Regression Sum of Squares
We will cover following topics
Introduction
In the realm of regression analysis, understanding the distribution of variation within the dependent variable is fundamental to assessing the effectiveness of a model. The R-squared statistic serves as a pivotal measure in this context, quantifying the proportion of variance in the dependent variable that is explained by the independent variables. In this chapter, we delve into the methodology of calculating the regression R-squared using the three components of the decomposed variation of the dependent variable data: the explained sum of squares (ESS), the total sum of squares (TSS), and the residual sum of squares (RSS). By comprehending the significance of these components, you will be equipped to gauge the predictive power and goodness of fit of a multiple regression model.

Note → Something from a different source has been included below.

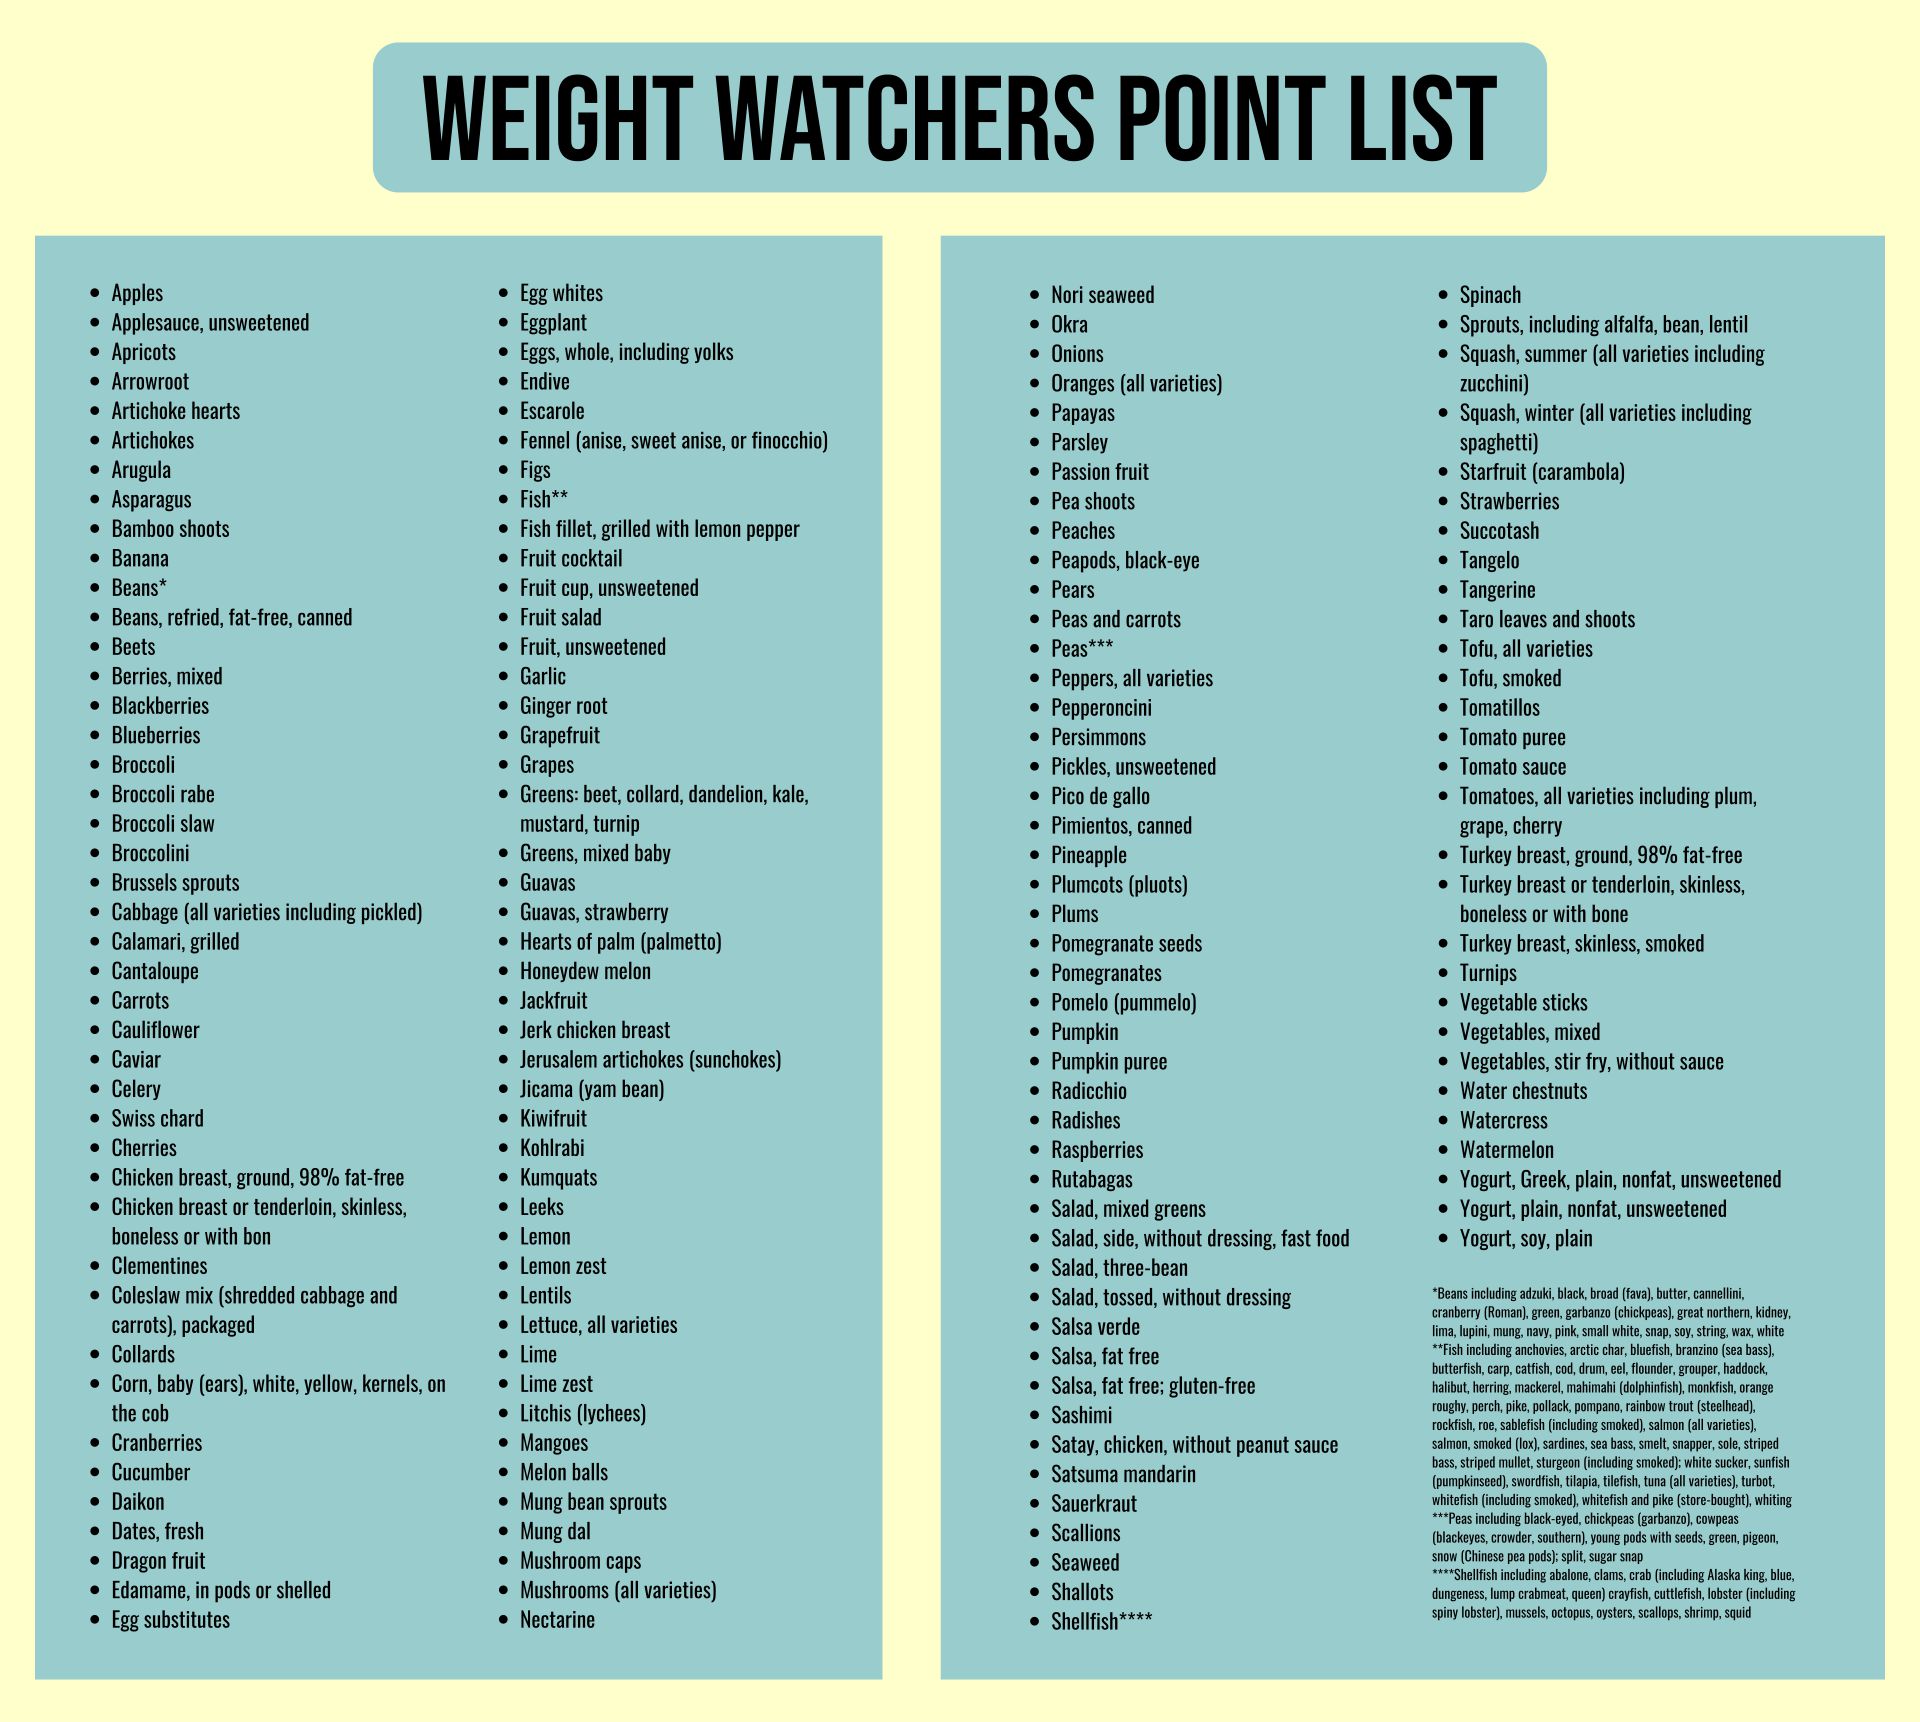 Weight watchers o point list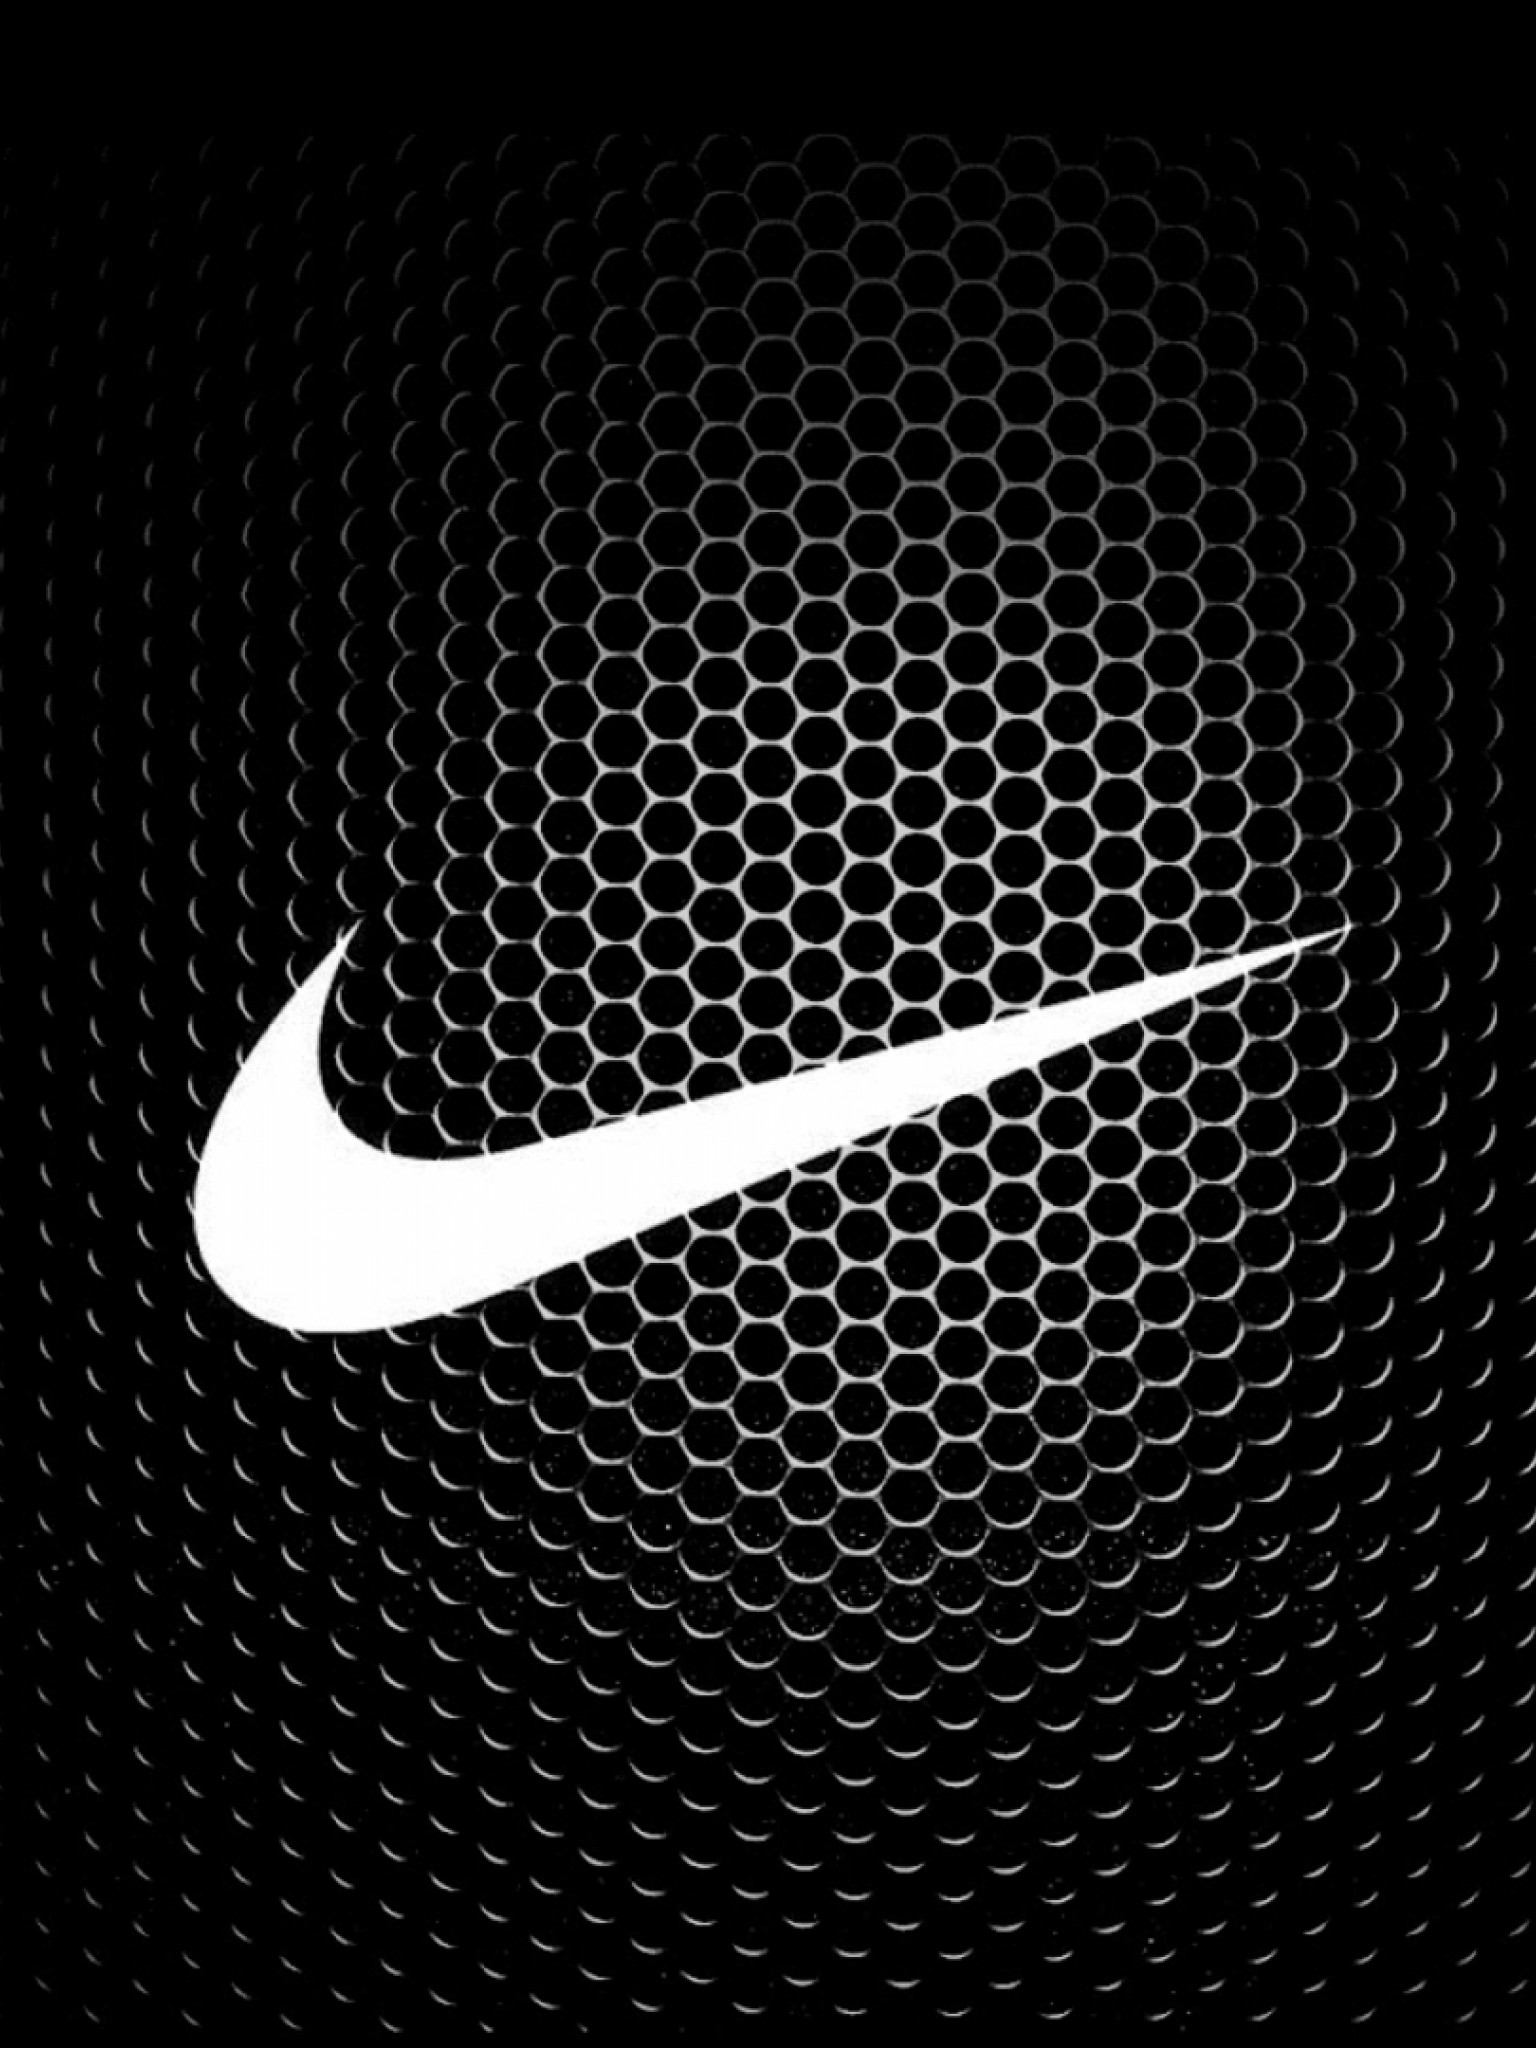 Nike Ipad Wallpapers

Components of Variation: ESS, TSS, and RSS
The decomposition of the variation in the dependent variable, also known as the sum of squares partition, plays a pivotal role in understanding the influence of independent variables on the outcome. Let’s explore the three components:
1) Explained Sum of Squares (ESS): ESS represents the variability in the dependent variable that is accounted for by the regression model. It quantifies the improvement in prediction achieved by using the independent variables in the model. The ESS is calculated as the sum of the squared differences between the predicted values and the mean of the dependent variable. ESS is calculated using the formula given below.
$$ESS=\Sigma(\hat{y}-\bar{y})^2$$
where $\hat{y}$ is the predicted value and $\bar{y}$ is the mean of the dependent variable.
2) Total Sum of Squares (TSS): TSS measures the total variability in the dependent variable without considering any model. It represents the dispersion of the actual data points around the mean of the dependent variable. TSS is calculated using the formula given below.
$$TSS=\Sigma(y-\bar{y})^2$$ where $y$ is the observed value and $\bar{y}$ is the mean of the dependent variable.
3) Residual Sum of Squares (RSS): RSS captures the variability in the dependent variable that remains unexplained by the regression model. It represents the sum of squared differences between the observed values and the predicted values (residuals). RSS is calculated using the formula given below.
$$RSS=\Sigma(y-\hat{y})^2$$ where $y$ is the observed value and $\hat{y}$ is the predicted value.
Calculation of R-squared
The $R^2$ statistic, also known as the coefficient of determination, is defined as the ratio of ESS to TSS. It quantifies the proportion of the total variation in the dependent variable that is explained by the independent variables in the model. $R^2$ is calculated as:
$$$R^2 = \frac{ESS}{TSS}$$
Example: Consider a multiple regression model aimed at predicting the sales revenue of a retail store based on factors like advertising expenditure and location. After performing the regression analysis, you find that ESS = 8000, TSS = 12000, and RSS = 4000. Using the formulas, the $R^2$ can be calculated as $R^2 = \frac{8000}{12000}= 0.67$.
Conclusion
Incorporating the concepts of ESS, TSS, and RSS, the calculation of the regression R-squared serves as a fundamental tool in assessing the efficacy of a multiple regression model. By understanding how these components contribute to the overall variation in the dependent variable, you gain insights into the predictive power of your model. The R-squared statistic provides a clear indicator of how well the model fits the data, aiding in informed decision-making and model refinement.